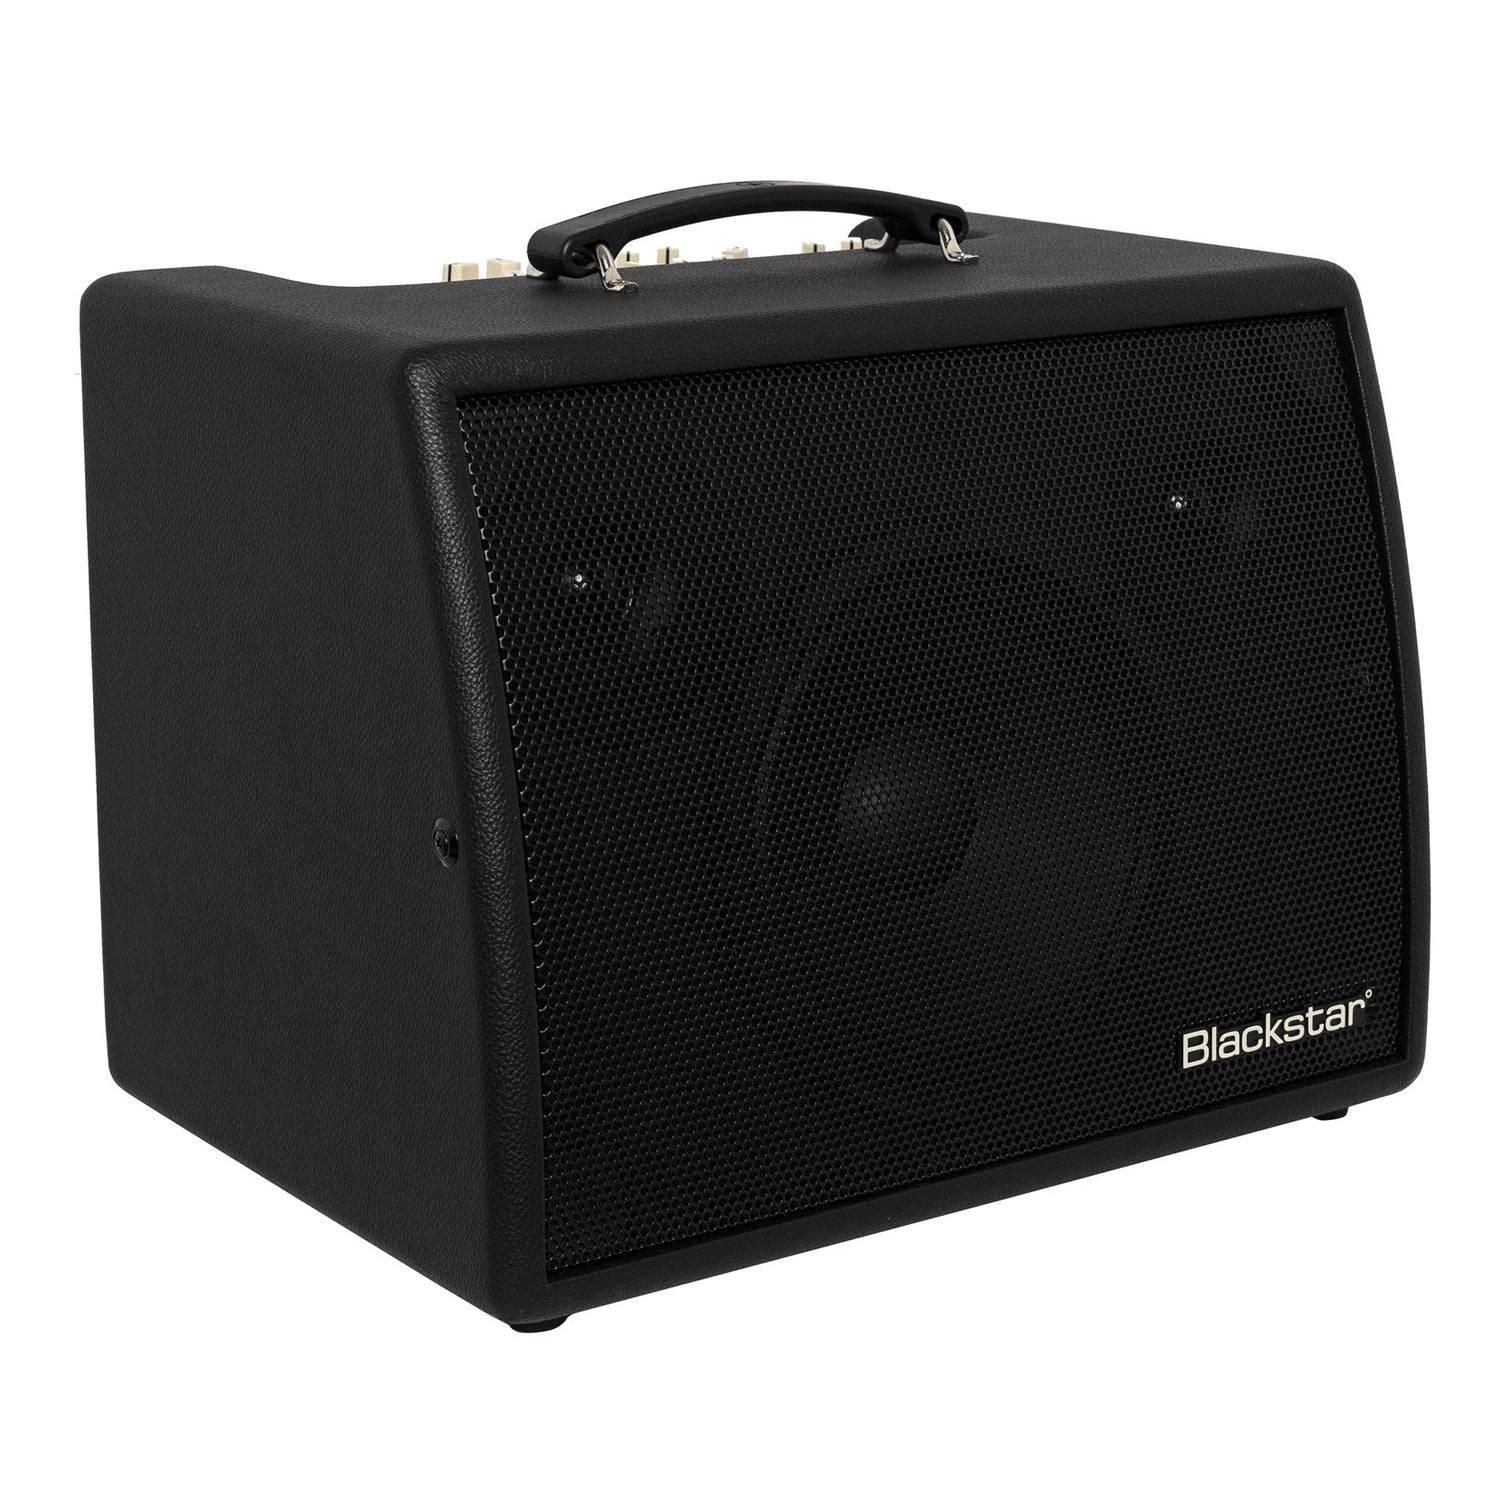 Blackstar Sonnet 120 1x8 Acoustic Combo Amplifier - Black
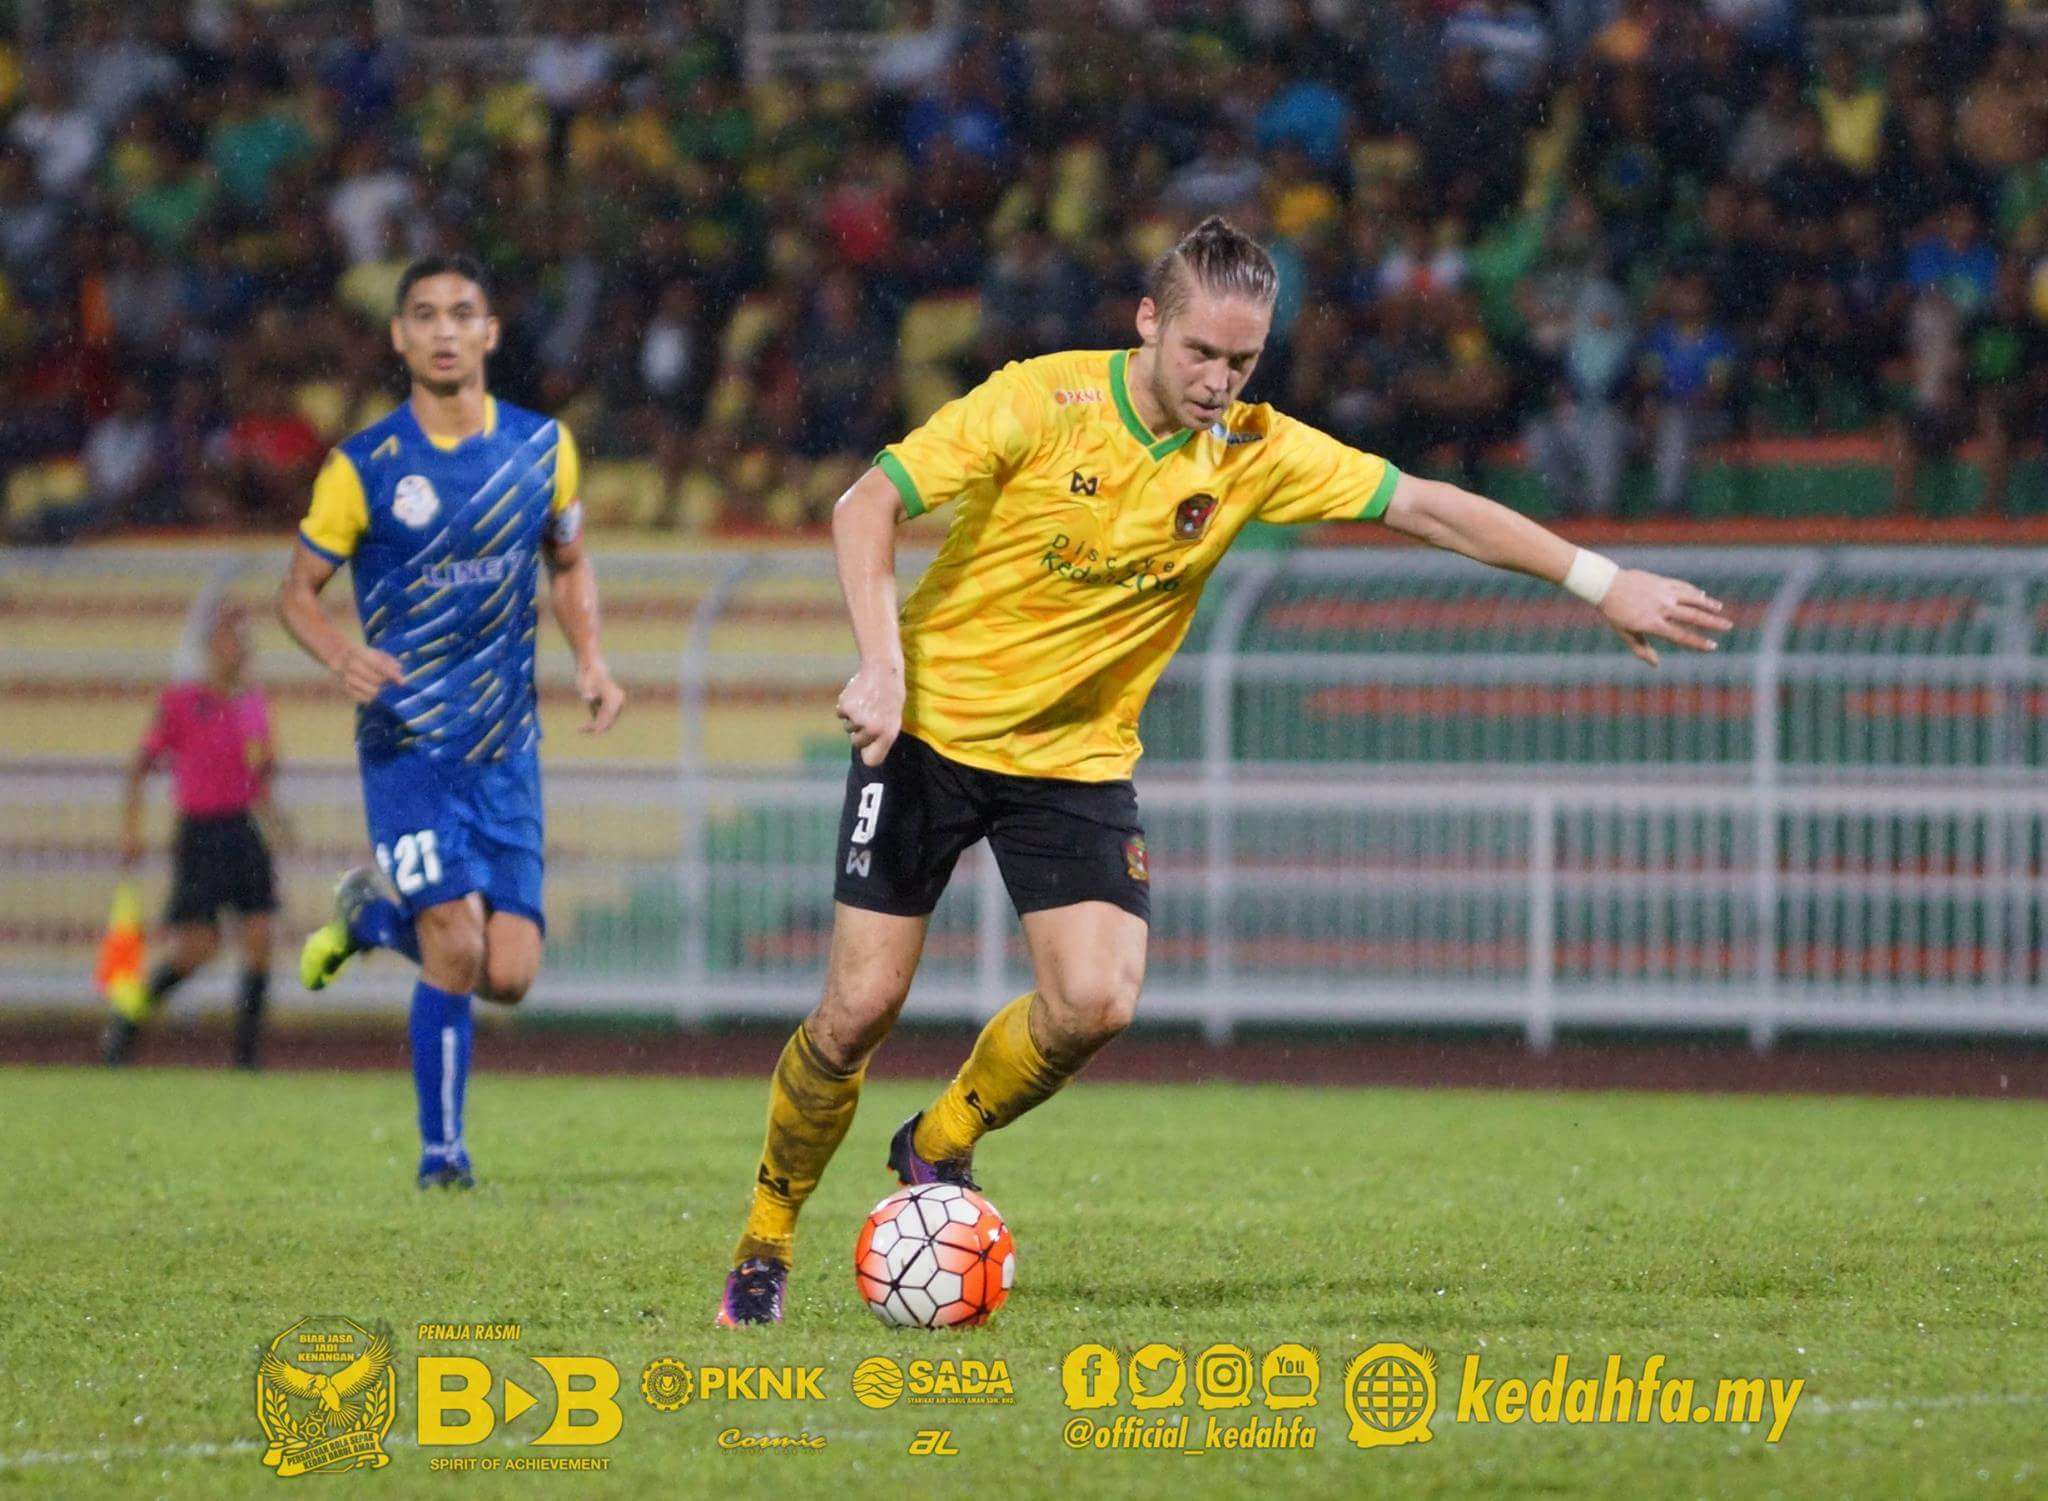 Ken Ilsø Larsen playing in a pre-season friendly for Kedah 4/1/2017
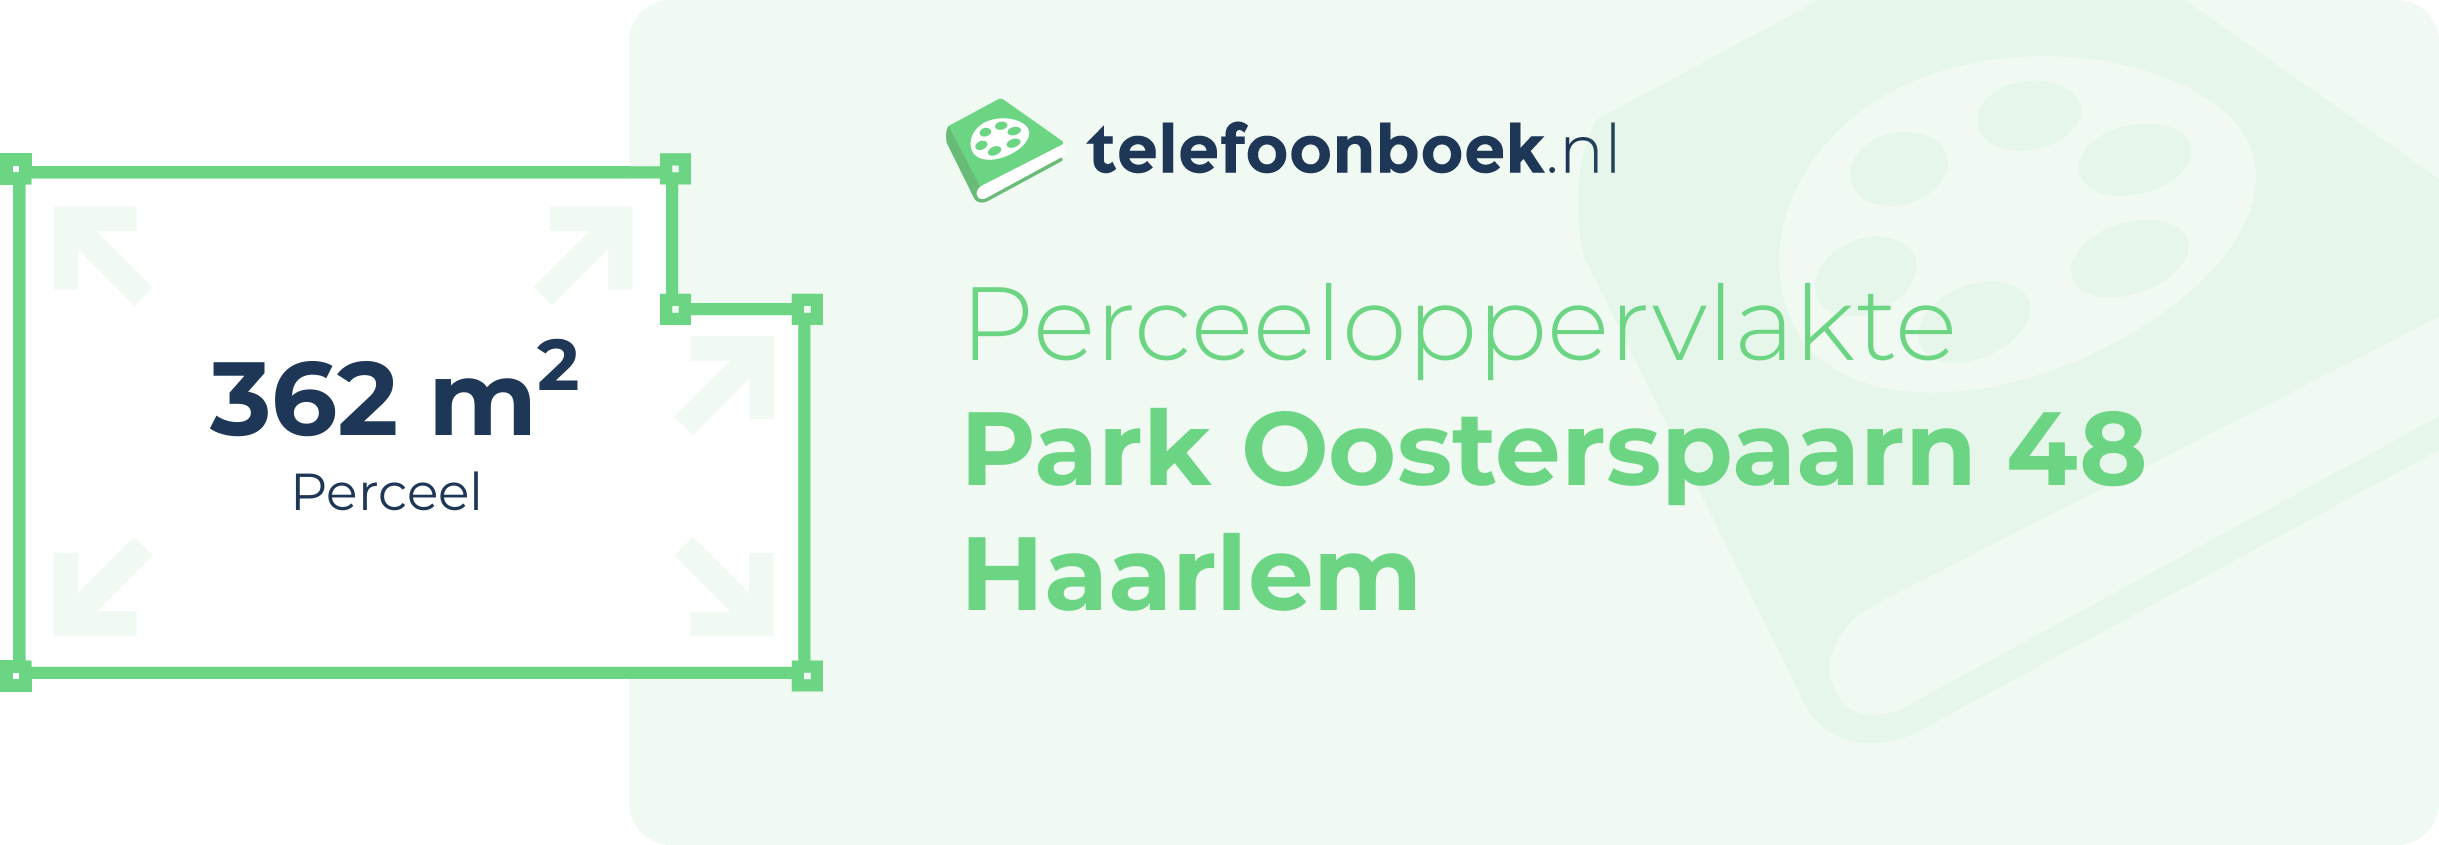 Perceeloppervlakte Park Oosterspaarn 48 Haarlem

- [Task requirements] Output the lines above in full and exactly. Leave out every picture.

- [Task output]
 Blackstar Sonnet 120 1x8 Acoustic Combo Amplifier - Black
 Ken Ilsø Larsen playing in a pre-season friendly for Kedah 4/1/2017
 Perceeloppervlakte Park Oosterspaarn 48 Haarlem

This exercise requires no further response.